The mechanisms of radiation resistance in the extreme anti-radiation bacterium Deinococcus radiodurans R1 have fascinated researchers for more than sixty years. In this study, with the DNA microarray data, we first constructed the gene regulatory network in D. radiodurans R1 using Bayesian network approach. The results of our analysis for the gene regulatory network reveal twelve significant mechanisms of radiation resistance in D. radiodurans R1, of which two mechanisms (DNA repair and reactive oxygen species) are consistent with the wellknown knowledge; and two mechanisms (metal ion homeostasis and oxygen transport process) support Daly’s manganese-based radiation protection hypothesis. We also demonstrate that different mechanisms act in concert under the radiation stress in D. radiodurans R1.

Keywords

Mechanisms of radiation resistance; Deinococcus radiodurans R1; Gene Regulatory network; Bayesian network

Introduction

The Gram-positive bacterium Deinococcus radiodurans R1 is the most radiation-resistant organism described to date [1]. The radiation resistance of D. radiodurans R1 makes it an ideal candidate of many applications in fields ranging from environmental biotechnology to health care.

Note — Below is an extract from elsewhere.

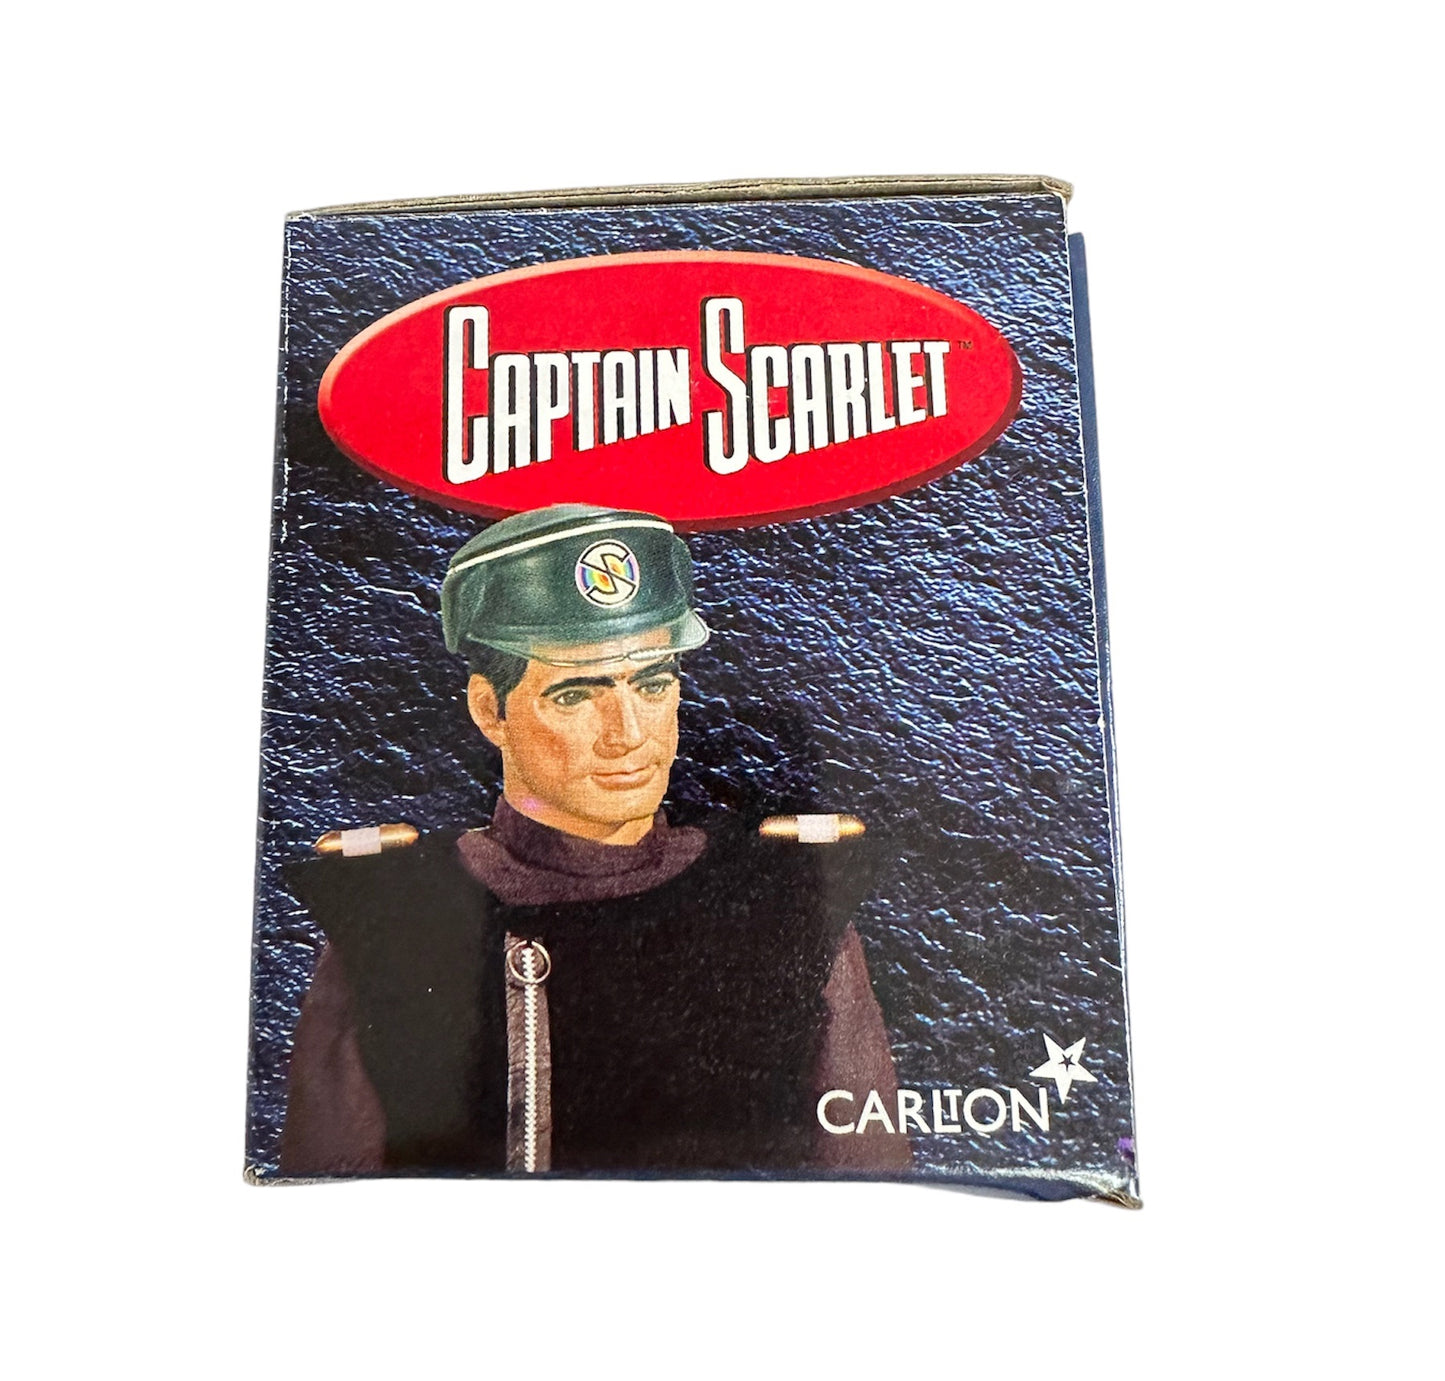 Vintage 2001 Gerry Andersons Captain Scarlet & The Mysterons Captain Black Character Mug By Vivid Imaginations - Brand New Shop Stock Room Find

Although D. radiodurans R1 was discovered in 1956 [2], little is known about the mechanisms of radiation resistance in the bacterium till now. To uncover the mechanisms of the radiation resistance in D. radiodurans R1, White et al. [3] sequenced the whole genome of D. radiodurans R1 in 1999. The genome is composed of two chromosomes (2.65 and 0.412 Mb), a megaplasmid (0.177 Mb), and a small plasmid (0.046 Mb). It was expected that the complete genome sequence would shed light on the extraordinary DNA repair capabilities of D. radiodurans R1. However, analysis of the genome sequence did not provide insight into the genetic basis of the DNA repair capabilities [3,4]. In 2007, Griffiths and Gupta [5] identified 399 unique proteins to D. radiodurans R1, but did not illustrate the biological functions of these proteins. The emergence of DNA microarray technology [6] enables researchers to measure all the gene expression levels of an organism simultaneously. In 2003, Liu et al. [7] described the transcriptional dynamics in D. radiodurans R1 cultures following exposure to 15 kGy ionizing irradiation. The irradiated culture was then transferred to fresh media to recover. During the recovery, the concentration of 2750 D. radiodurans R1 transcripts relative to the unirradiated control at nine different time points over a 24 hour period were analyzed. The results indicated that 832 genes were induced and 451 genes were repressed at one or more of the time points during the recovery period. Liu et al. [7] analyzed the DNA microarray results using hierarchical clustering. The clustering algorithm is useful in discovering genes that have similar expression patterns over a set of experiments, but difficult to reveal the process of the transcriptional regulation [8]. Due to the large number of loci responding during recovery following irradiation, it is difficult to interpret the significance of these findings.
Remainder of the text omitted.